Zuerst führten Marlies Lüke und Hajo Wagner am letzten Schultag das Kollegium mit einer kommentierten Bilderauswahl durch ihre bewegten Berufsjahre.

Hajo Wagner brachte Katzenhaie ans Georg-Büchner-Gymnasium. Er fand 2005 als Biolehrer zum GBG, unterrichtete hier auch Physik und hielt zwischenzeitlich allein die Informatik-Fachschaft am Leben. Besonders die jüngeren Kolleginnen und Kollegen verfolgten seinen Bericht über die Teilnahme am Wettbewerb rund um Haie und Rochen im Jahr 2005 mit großem Erstaunen, da sie zu dieser Zeit noch nicht hier arbeiteten. Der vom Sea-Life ausgeschriebene erste Preis bescherte dem GBG zeitweise ein Aquarium, in dem Katzenhaie live in der Schule schlüpften und dabei mit viel Einsatz überwacht wurden. Ein riesiger Presserummel begleitete Hajo Wagner und seine Schülerinnen und Schüler beim Schlüpfen der Tiere. Diese Begeisterung für die Biologie, die hier ganz deutlich wird, wurde auch in den Dankesreden der Kollegen offensichtlich – Hajo Wagner macht nichts halbherzig oder in Ansätzen, sondern mit vollem Einsatz. Sein zweites großes Engagement neben dem naturwissenschaftlichen Bildungsauftrag ist die Homepage des Georg-Büchner-Gymnasiums. Diese wurde von ihm entwickelt, erstellt, gepflegt, gefüllt, verwaltet und ausgebaut. Hajo war ein Meister darin, in teilweise wenigen Minuten Texte einzupflegen, fehlende Fotos kreativ zu ergänzen und damit die Öffentlichkeit am Schulleben teilhaben zu lassen. Aus seinem reichen Bilderfundus entstanden auch die Jahrbücher in liebevoller Detailarbeit und mit geschultem Blick. Zudem hielt er den Kontakt mit der Presse und sorgte dafür, dass unsere gute Arbeit auch in der Öffentlichkeit präsent ist. Hajo Wagner hinterlässt sehr große Fußstapfen und wahrscheinlich wird sich erst im nächsten Schuljahr wirklich zeigen, wie sehr er seinen Kolleginnen und Kollegen in den Fachschaften als kompetenter Ansprechpartner, den Schülerinnen und Schülern als begeisterter Lehrer und den Mitgliedern der Schulgemeinschaft in seiner Funktion als Dokumentator fehlen wird.

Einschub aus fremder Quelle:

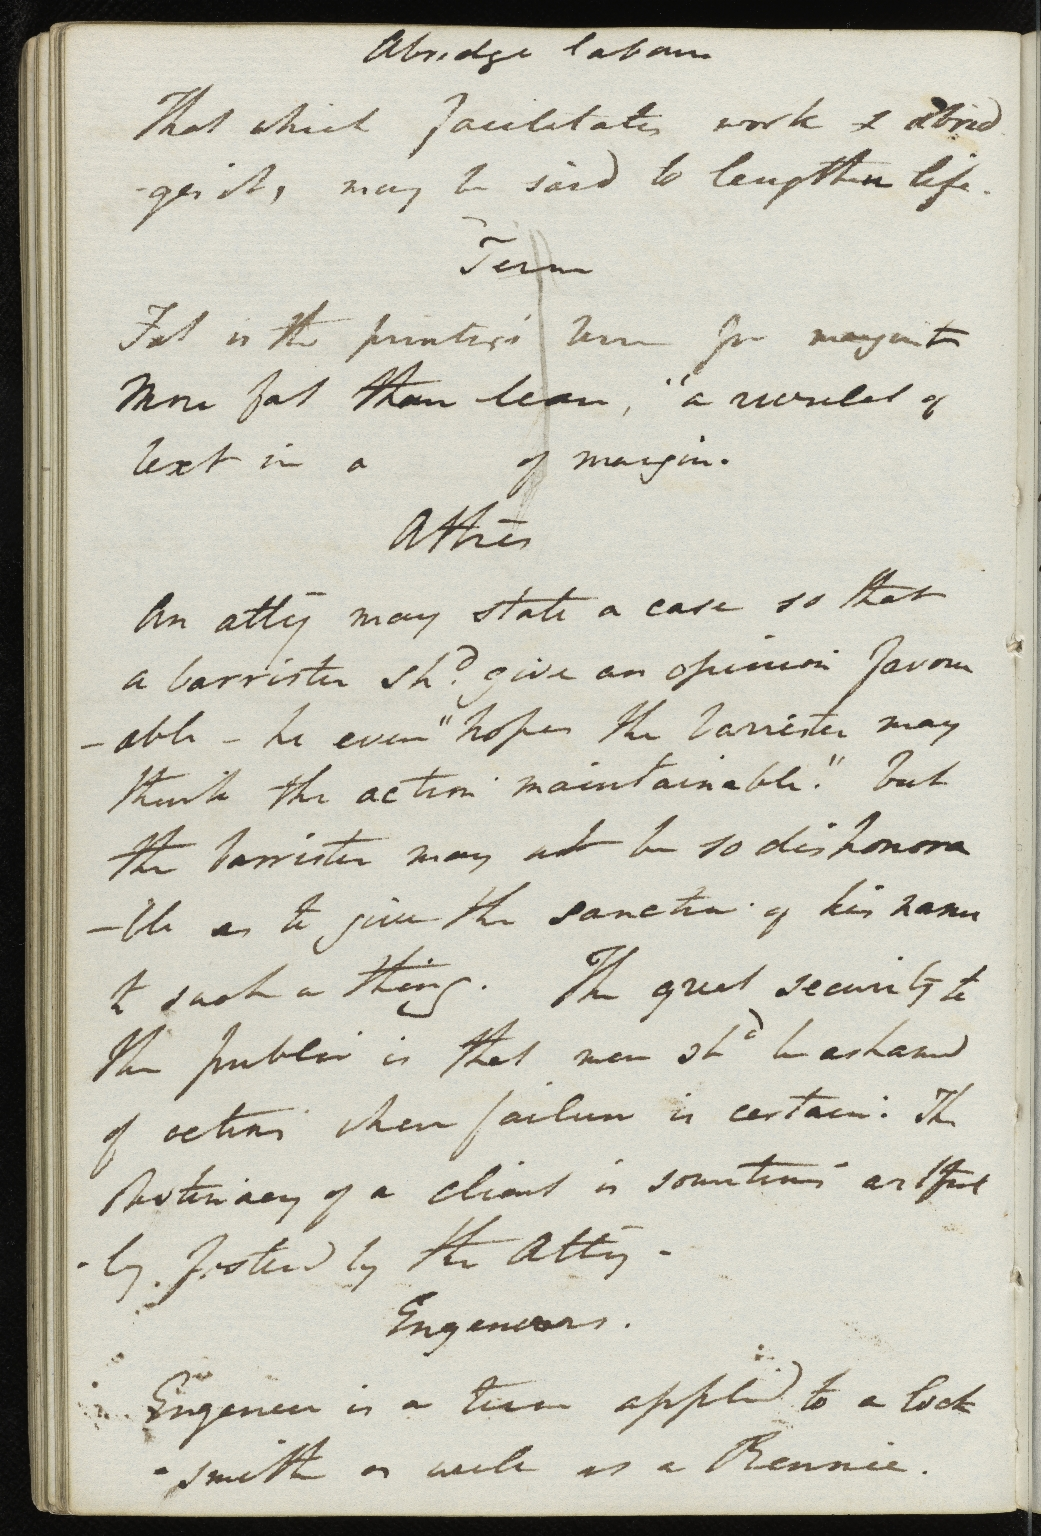 Notebook No. 4, p.108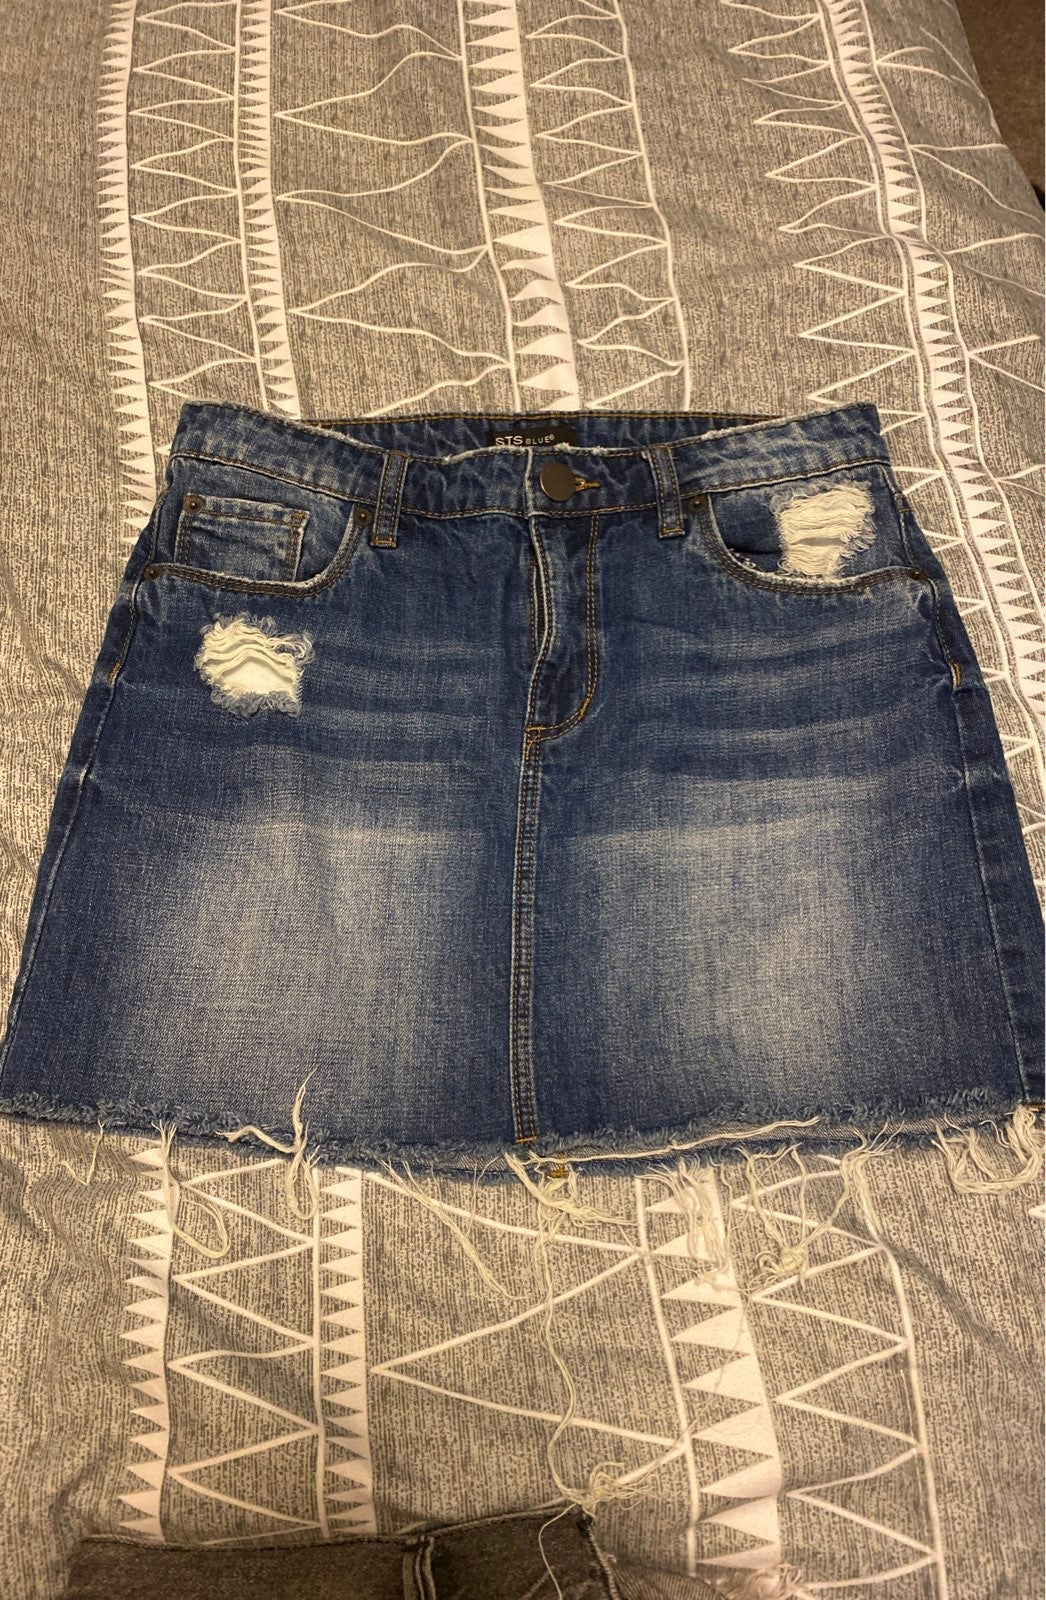 STS Blue Denim Skirt Size 26

Mit Marlies Lüke, die seit 1981 zur ersten Belegschaft der damals noch „Gymnasium Büttgen i.E (im Entstehen) genannten Schule gehörte, verlässt ein „Urgestein“ die Schule. Sie ließ das Kollegium auf ihre vielfältige Zeit zurückblicken, in der sie unter 3 verschiedenen Schulleitern und mit ca. 200 Kolleginnen u. Kollegen arbeitete.

Gerne erinnert sie sich an die zahlreichen Klassenleitungen in der Erprobungsstufe, für die sie mit Freude Verantwortung übernahm und die Schülerinnen u. Schüler an der neuen Schulform willkommen hieß. Ihr Ziel war es nicht nur, die geforderten Fach- u. Methodenkompetenzen in ihren beiden Fächern Englisch und Kunst zu vermitteln, ihr lag vor allem das Sich- Wohl-Fühlen am neuen Ort und in der neuen Lerngruppe sehr am Herzen, für das sie dann nach dem damals noch üblichen Halbtagsunterricht öfter Spiel- u. Bastelnachmittage z.T. mit Unterstützung einiger Eltern anbot. Das Basteln verhalf nicht nur zu einer schönen Klassendekoration sondern diente auch dem Ziel, sich im Klassenraum „zuhause“ zu fühlen, was sich sehr positiv auf die Lernmotivation der Fünftklässler auswirkte.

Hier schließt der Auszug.